La Madeleine (/fr/) is a commune in the Nord department in northern France.

It is a suburb of the city of Lille, bordering it on its north side.

==Heraldry==

| Arms of La Madeleine | The arms of La Madeleine are blazoned : Sable, an eagle argent, beaked and membered Or. (La Madeleine and Pont-à-Marcq use the same arms.) |

==History==
The Hôtel de Ville was completed in 1892.

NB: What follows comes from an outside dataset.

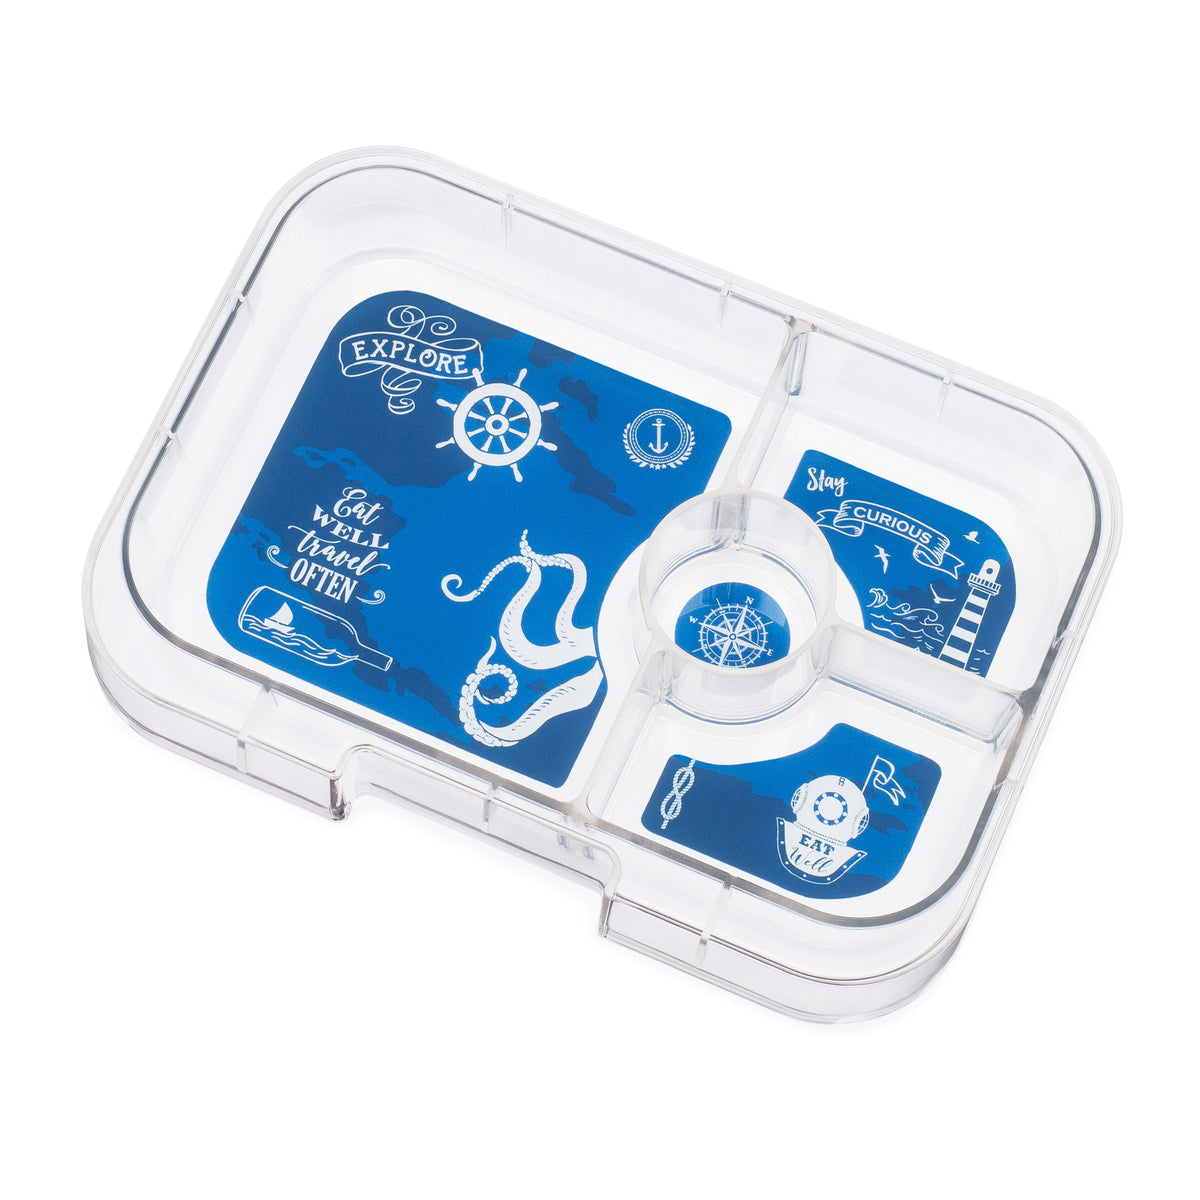 yumbox-panino-kashmir-blue-4-compartment-lunch-box- (3)

In 1944, Pierre Marchant and Lucien Olivier, two members of the French resistance from La Madeleine, were killed near Hill 60 (Ypres) by Germans.

==Education==
Schools in the commune:
- Public preschools (écoles maternelles): Anne Frank, Courbet, d'Hallendre, du Moulin - Alphonse Daudet, and Gaston Leclercq
- Public elementary schools: Victor Hugo, Louise de Bettignies, Kléber, and Edmond Rostand
- Private preschools and elementary schools: Institution Jeanne d'Arc and Ecole Sainte-Geneviève
- One public junior high school, Collège Flandre
- One private junior high school, Collège privé Saint-Jean
- One public senior high school, Lycée Valentine Labbé

The École Japonaise du Nord-Pas-de-Calais (ノール=パ・ド・カレー日本人学校 Nōsu Pa do Karē Nihonjin Gakkō), a part-time Japanese supplementary school, is held in La Madeleine.